‘Get some backbone’ Osborne urged as CBI and BCC slash growth forecasts

Ministers are wasting easy opportunities to lift growth, leaving businesses “frustrated” with the lack of action, the CBI said as it predicted that GDP would shrink by 0.3pc this year – sharply lower than its outlook in May for 0.6pc growth, reports The Telegraph.

Demanding “swift action”, the British Chambers of Commerce (BCC) also cut its 2012 forecast, from 0.1pc growth to a contraction of 0.4pc, and warned that the Chancellor is on course to miss his deficit target by “two to three years” as borrowing balloons on the back of weaker than expected tax receipts.

Echoing calls from a growing number of economists, the BCC added the Government should consider “limited extra borrowing … to support business investment, incentivise job creation, and jump-start construction”.

The comments will heap more pressure on the Chancellor after the Institute of Directors last week described his growth strategy as “ineffective” and “too slow”. Despite unveiling two budgets for business, George Osborne now appears to be losing their support.

“There is frustration within the business community with the reality of what’s happening in the British economy,” John Cridland, director general of the CBI, said. “The Government needs to get better at delivery.
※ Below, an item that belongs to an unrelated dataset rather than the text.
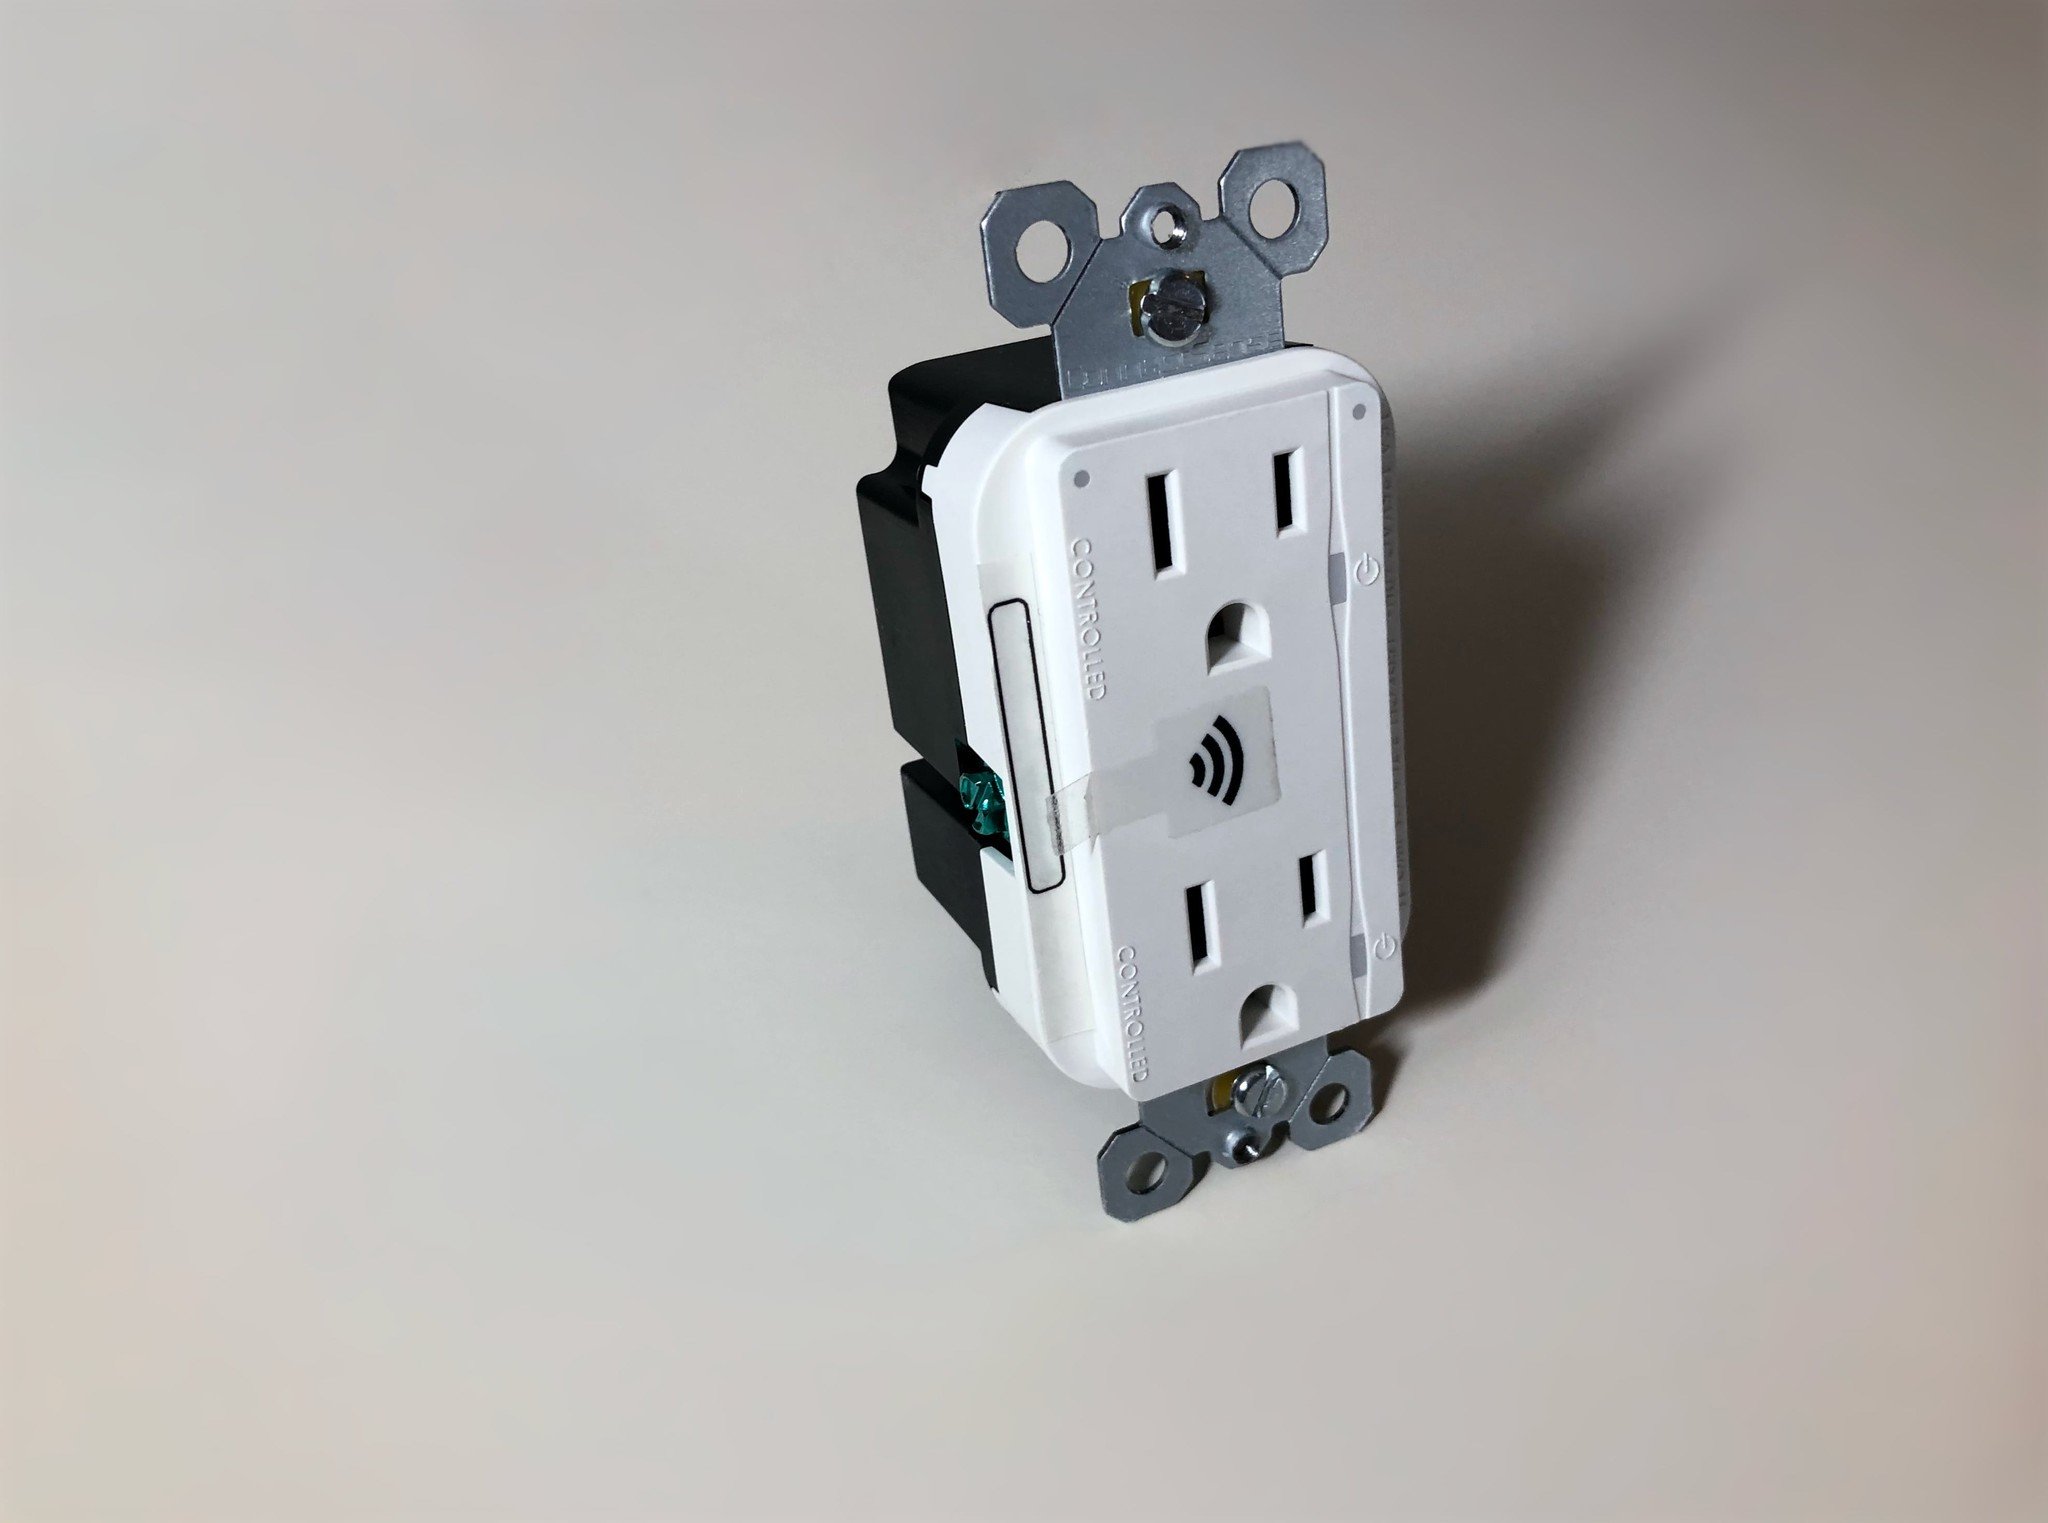 Connectsense Smart Inwall Outlet Front

It’s not frustration with the plan.”

John Longworth, BCC director general, said: “Business wants … a continued commitment to public spending cuts as well as a strong push to improve business access to finance and unlock massive private funding to renew Britain’s infrastructure. Politicians need to get some political backbone and show leadership.”
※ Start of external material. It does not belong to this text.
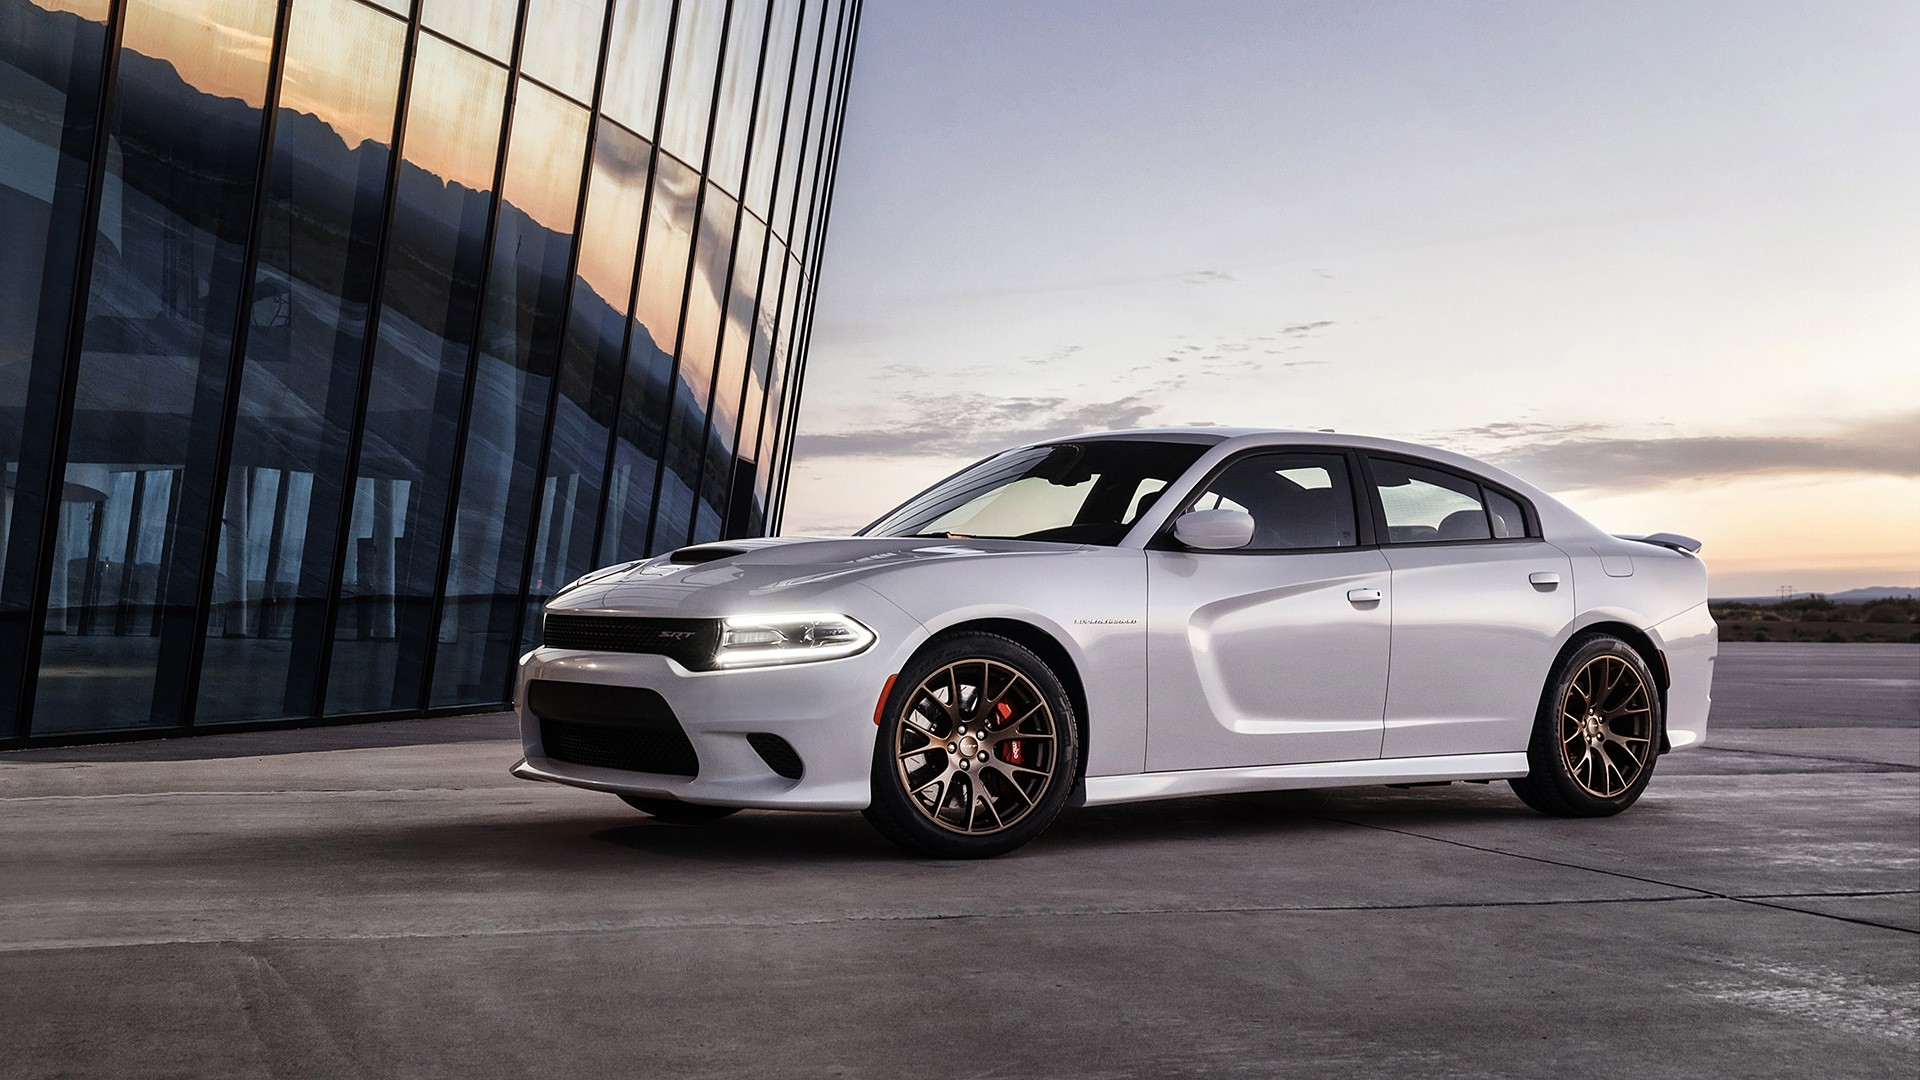 Charger Hellcat Wallpaper theme

Mr Cridland warned that delays to infrastructure projects caused by messy planning and procurement processes were “not consistent with using infrastructure as a way of getting more nudge to the short-term UK growth plan”.

Both the CBI and the BCC also predicted that the government would borrow more this year and next than in 2011, despite austerity. The BCC said the overshoot would be “£14bn-£17bn in each year until 2015” and that “meeting the fiscal mandate probably take two to three years longer to complete”.